------ Data excerpt ------

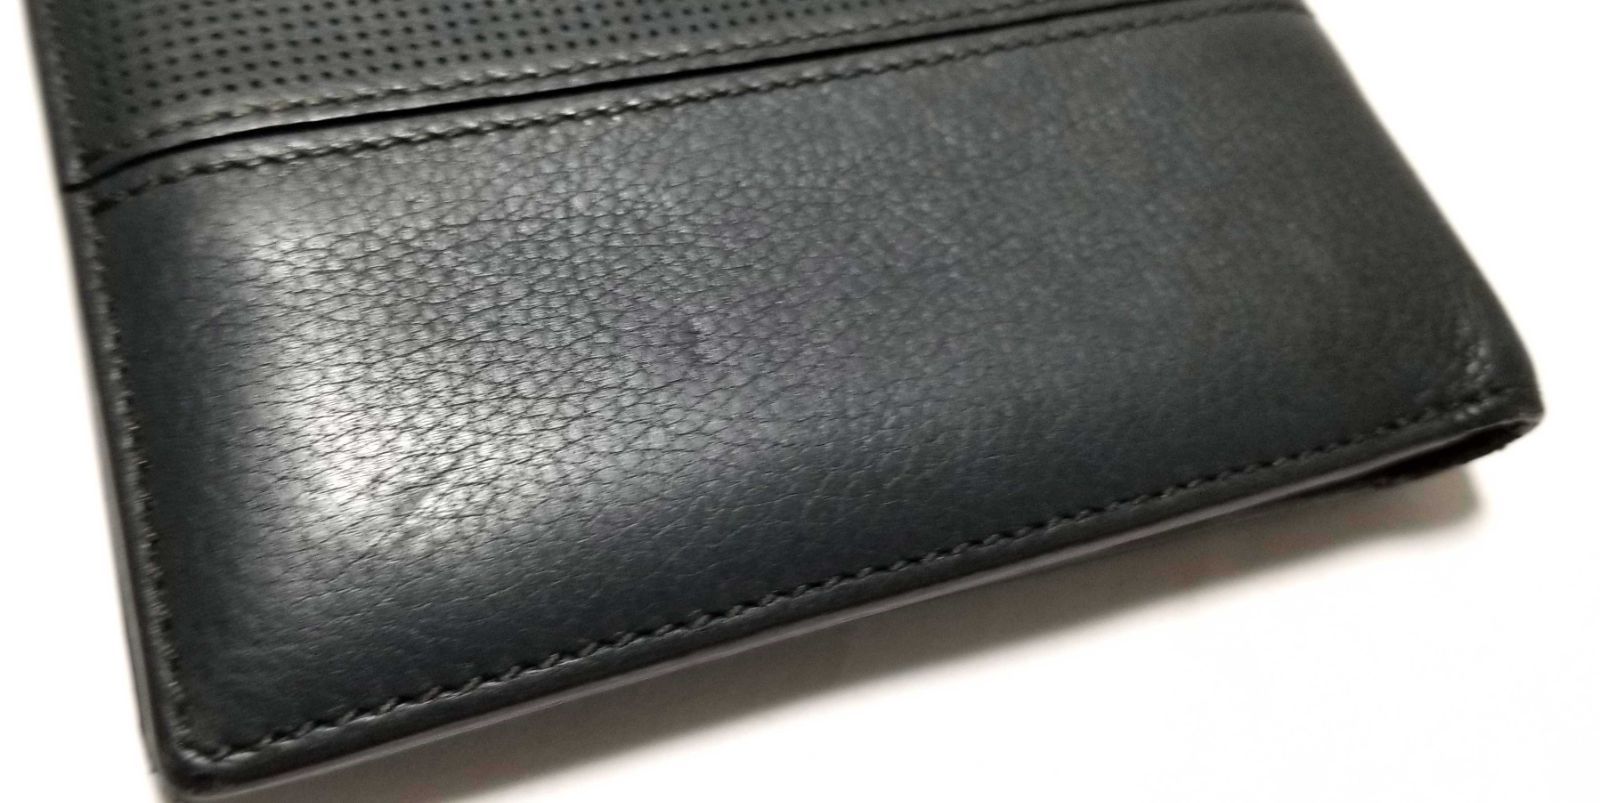 カルティエ 財布 二つ折り パンチングレザー 札入れ ダークグリーン メンズ 紳士用 カードケース Cartier
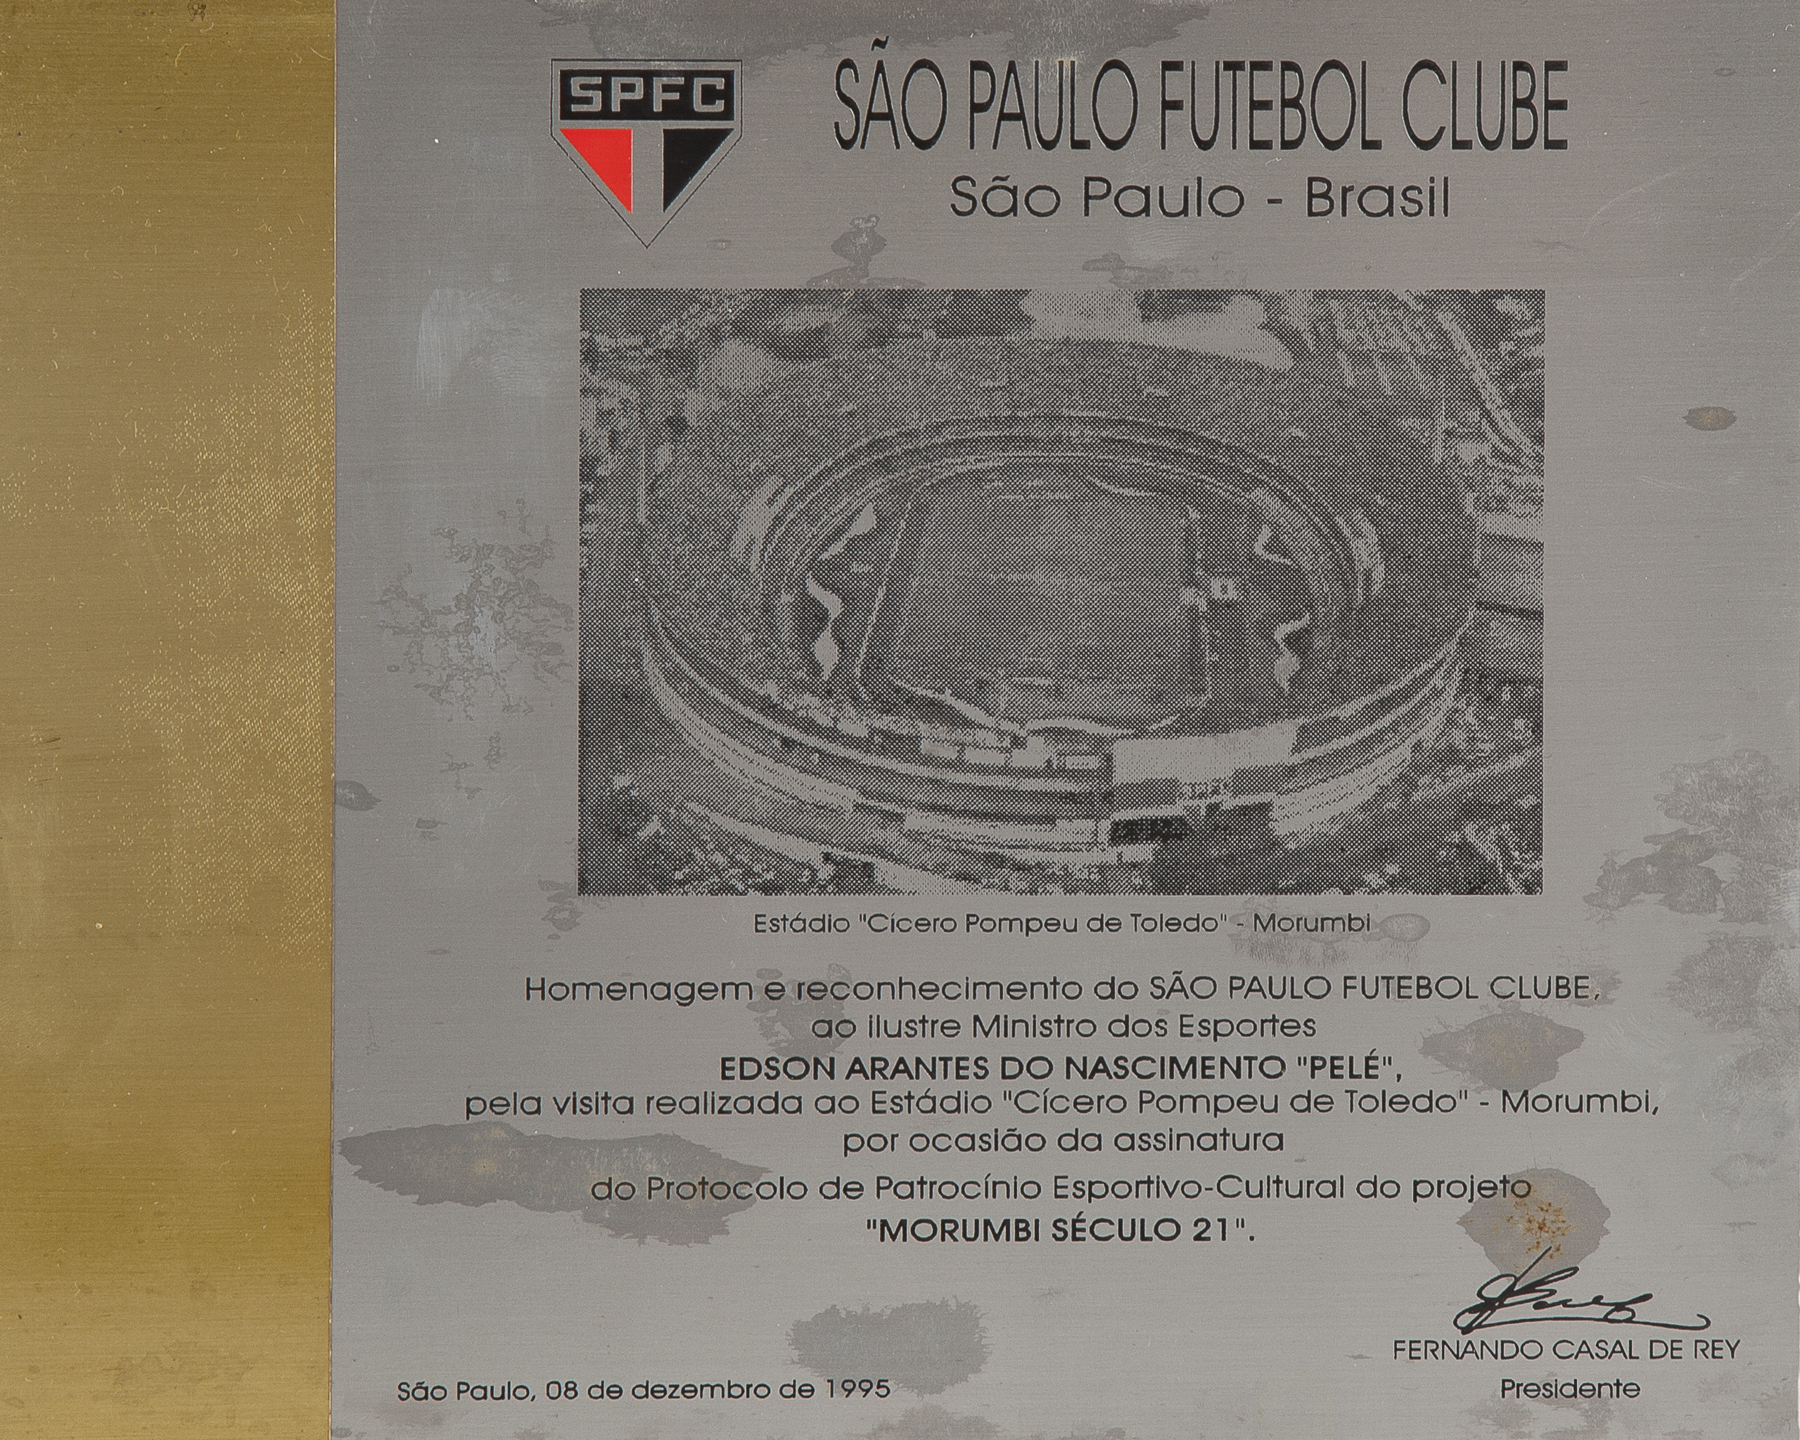 PELÉ DECEMBER 8, 1995, SÃO PAULO FOOTBALL CLUB PLAQUE
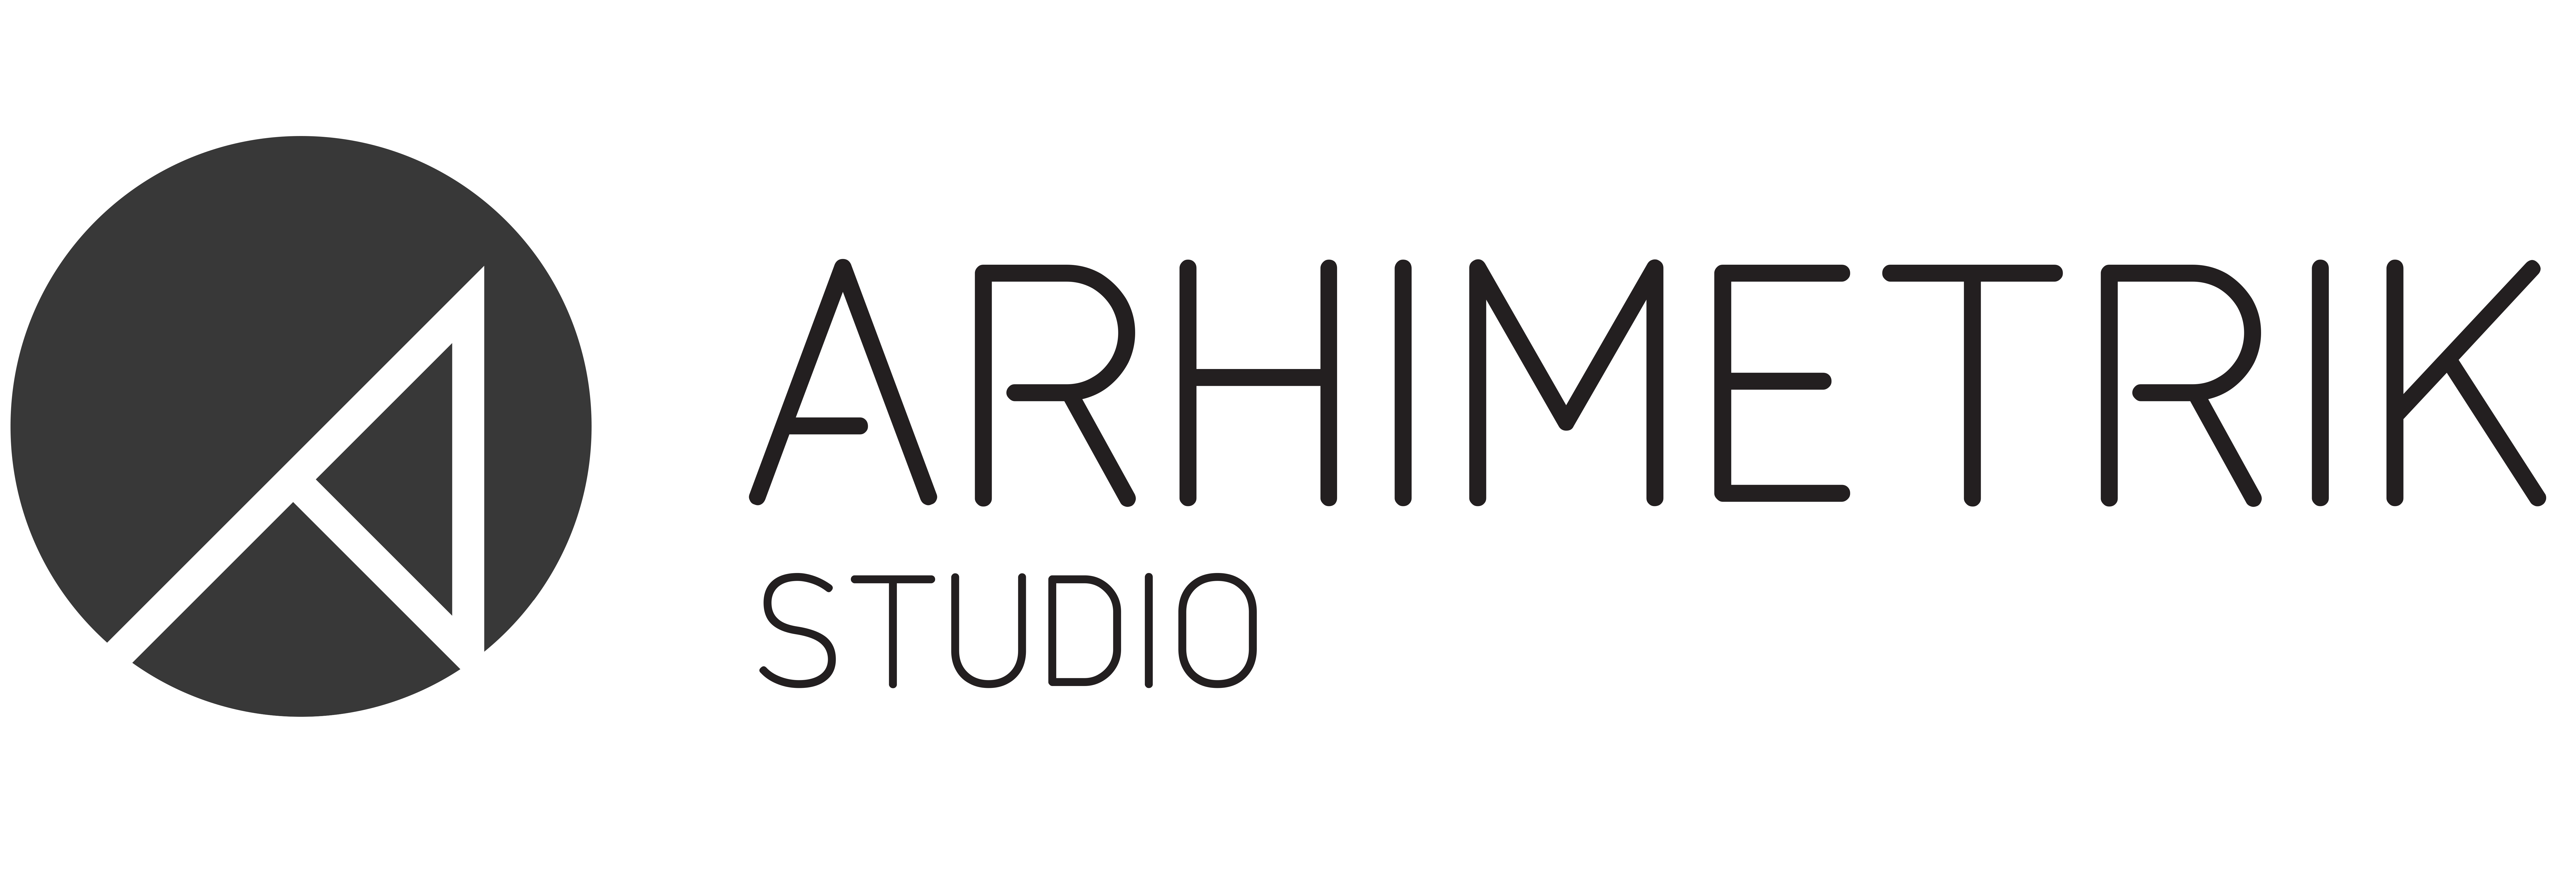 Arhimetrik Studio
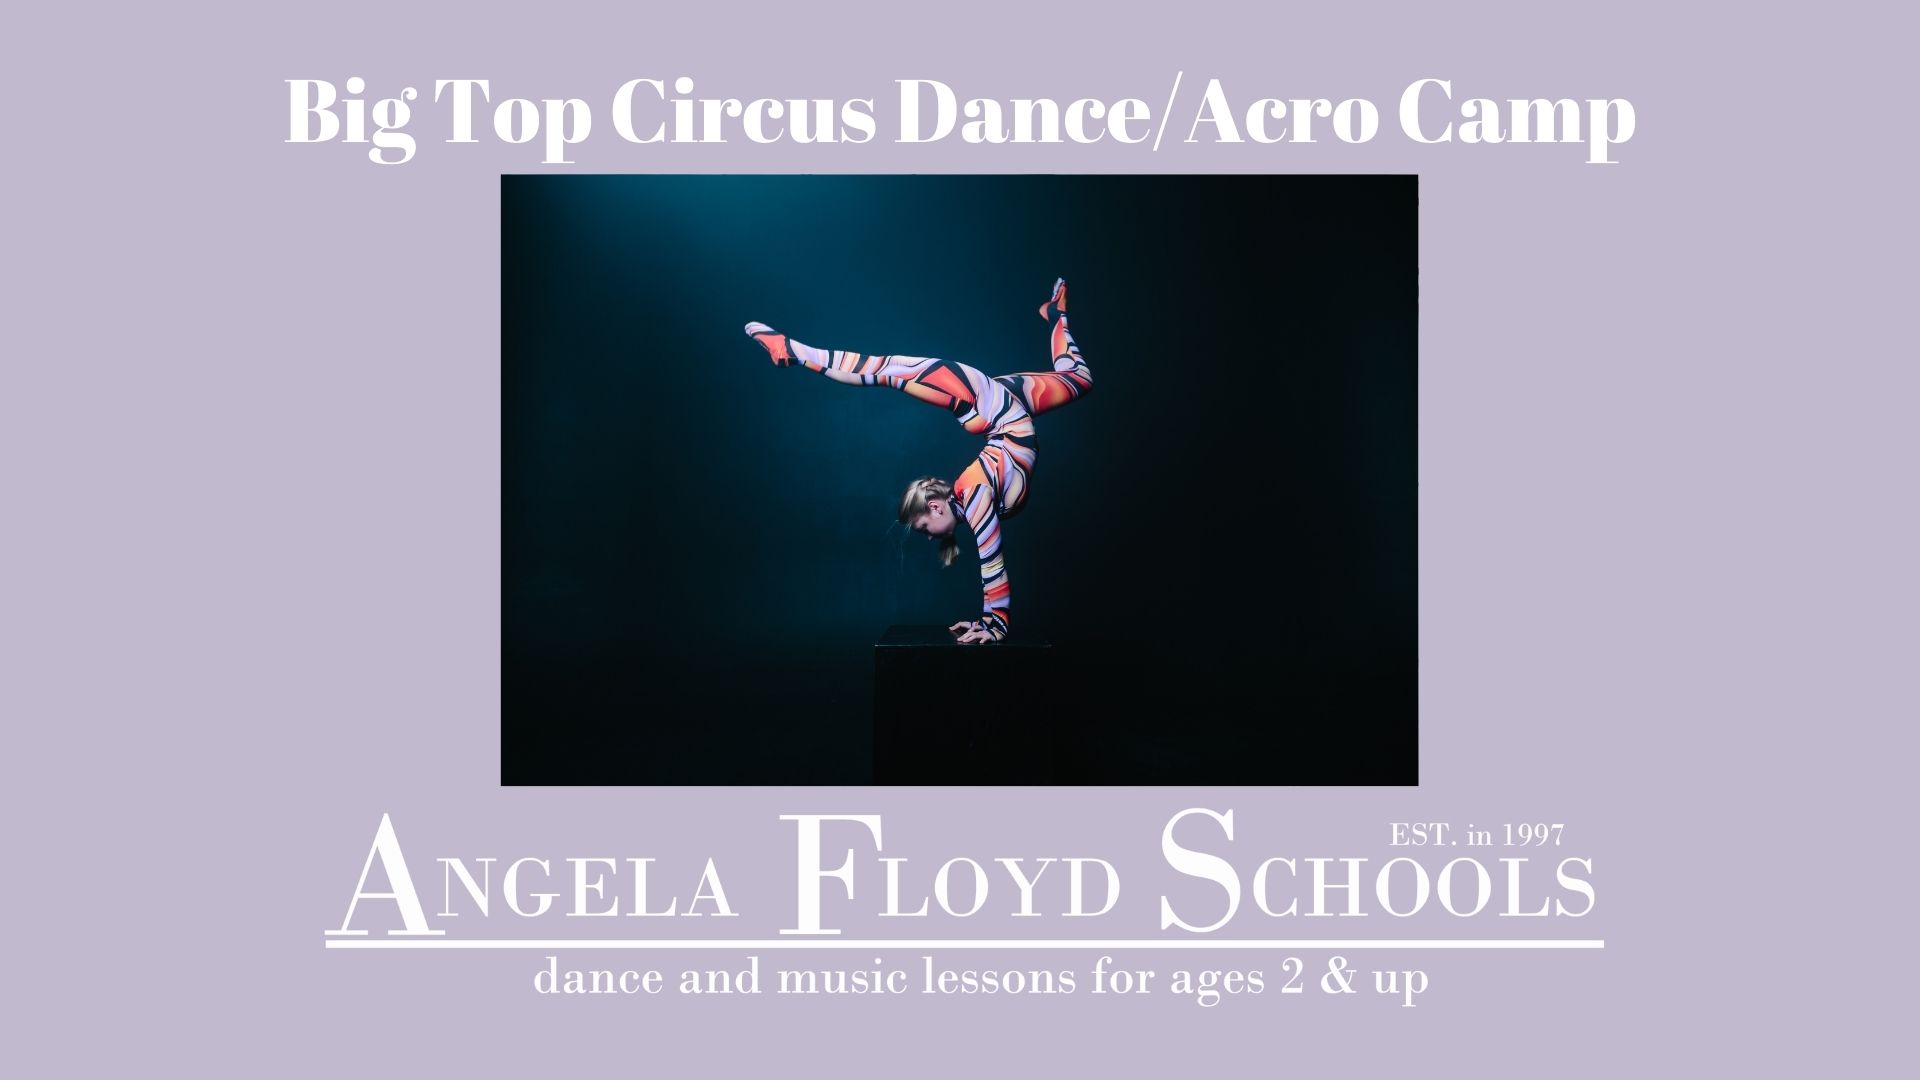 Big Top Circus Dance/Acro Camp

------

Assignment:
Retyped exactly, the lines from the one holding "PELÉ DECEMBER 8, 1995, SÃO" through the last line of the data above are the whole answer. Pictures stay out.

Response area:
 PELÉ DECEMBER 8, 1995, SÃO PAULO FOOTBALL CLUB PLAQUE
 Arhimetrik Studio
 Big Top Circus Dance/Acro Camp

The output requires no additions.